Does this charge sheet make sense? Not much.
Low interest rates have substitution and income effects: the former make it attractive to save less, because of the lower returns; but the latter make it necessary to save more, to compensate for the lower returns. Chancellor himself quotes Raghuram Rajan, former governor of the Reserve Bank of India, to the effect that “savers put more money aside as interest rates fall in order to meet the saving they think they will need when they retire”. The outcome of low interest rates for overall saving rates is simply ambiguous.
Again, Chancellor insists that lower rates discourage investment, even though he stresses that they do motivate risk-taking. Why, then, would they not encourage more risk-taking investment? A low interest rate environment is, after all, one in which funding, including equity funding, will be cheap. If good investment opportunities do indeed exist, as Chancellor insists, why would low interest rates be a prohibitive obstacle to funding them?
The survival of “zombies” might be a partial explanation. But dynamic businesses should be able to outbid zombie firms for workers, suppliers and customers. Moreover, businesses able to cover their variable costs should survive. True, if one closed down most marginally productive businesses, the productivity of workers who remain employed would rise. But the productivity of the overall workforce would fall, which would be a bad bargain.
Again, the argument that low interest rates increase inequality is grossly misleading. Even a doubling of the wealth of billionaires has no real significance to people who own next to nothing. Thus, according to the 2020 US Census, the median net worth of the bottom 20 per cent of US households was minus $6,029 and the median net worth of the next 20 per cent was just $7,263. What matters to such people is not how immensely rich Elon Musk is, but whether they actually have a job. Active responses to recessions by central banks help them achieve this. If Chancellor really cares about inequality, what about campaigning for wealth taxes?

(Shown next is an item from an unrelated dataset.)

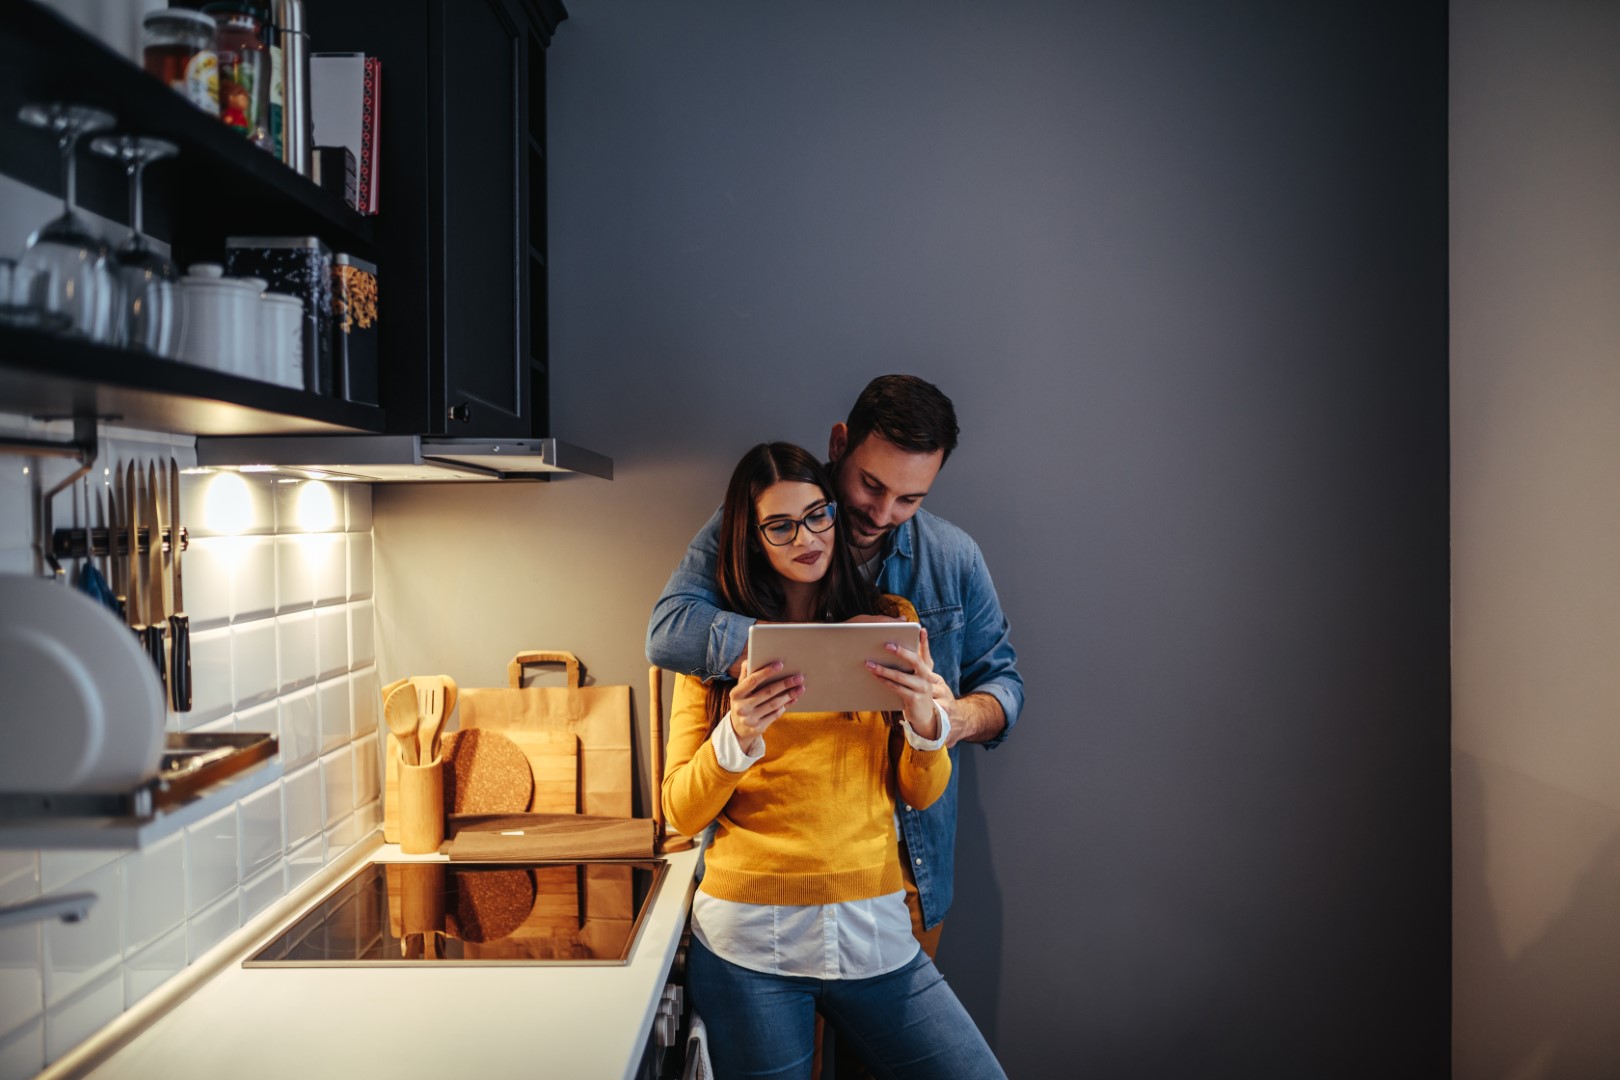 A young couple looking at tablet computer in apartment kitchen

Chancellor also has many complaints about the effect of low interest rates on financial instability and fragility. Yet it is unlikely that the modestly higher interest rates he recommends would have saved the world from financial crises. The world of 19th-century America, without central banking, saw plenty of them. That is why the Federal Reserve was created in the early 20th century.
What, above all, is the author’s alternative to the low interest rates he despises? A depression. Indeed, he insists that “[t]he broad economy benefits from this dose of salts”. He even goes so far as to cite Andrew Mellon, the treasury secretary of Herbert Hoover, who notoriously advised his boss to “liquidate labour, liquidate stocks, liquidate the farmers, liquidate real estate”. Mellon might have added “liquidate democracy”. In Germany, chancellor Heinrich Brüning managed to achieve just that as he prepared the ground for Hitler.
Bubbles are terrible, insists Chancellor. Mass unemployment? Fine.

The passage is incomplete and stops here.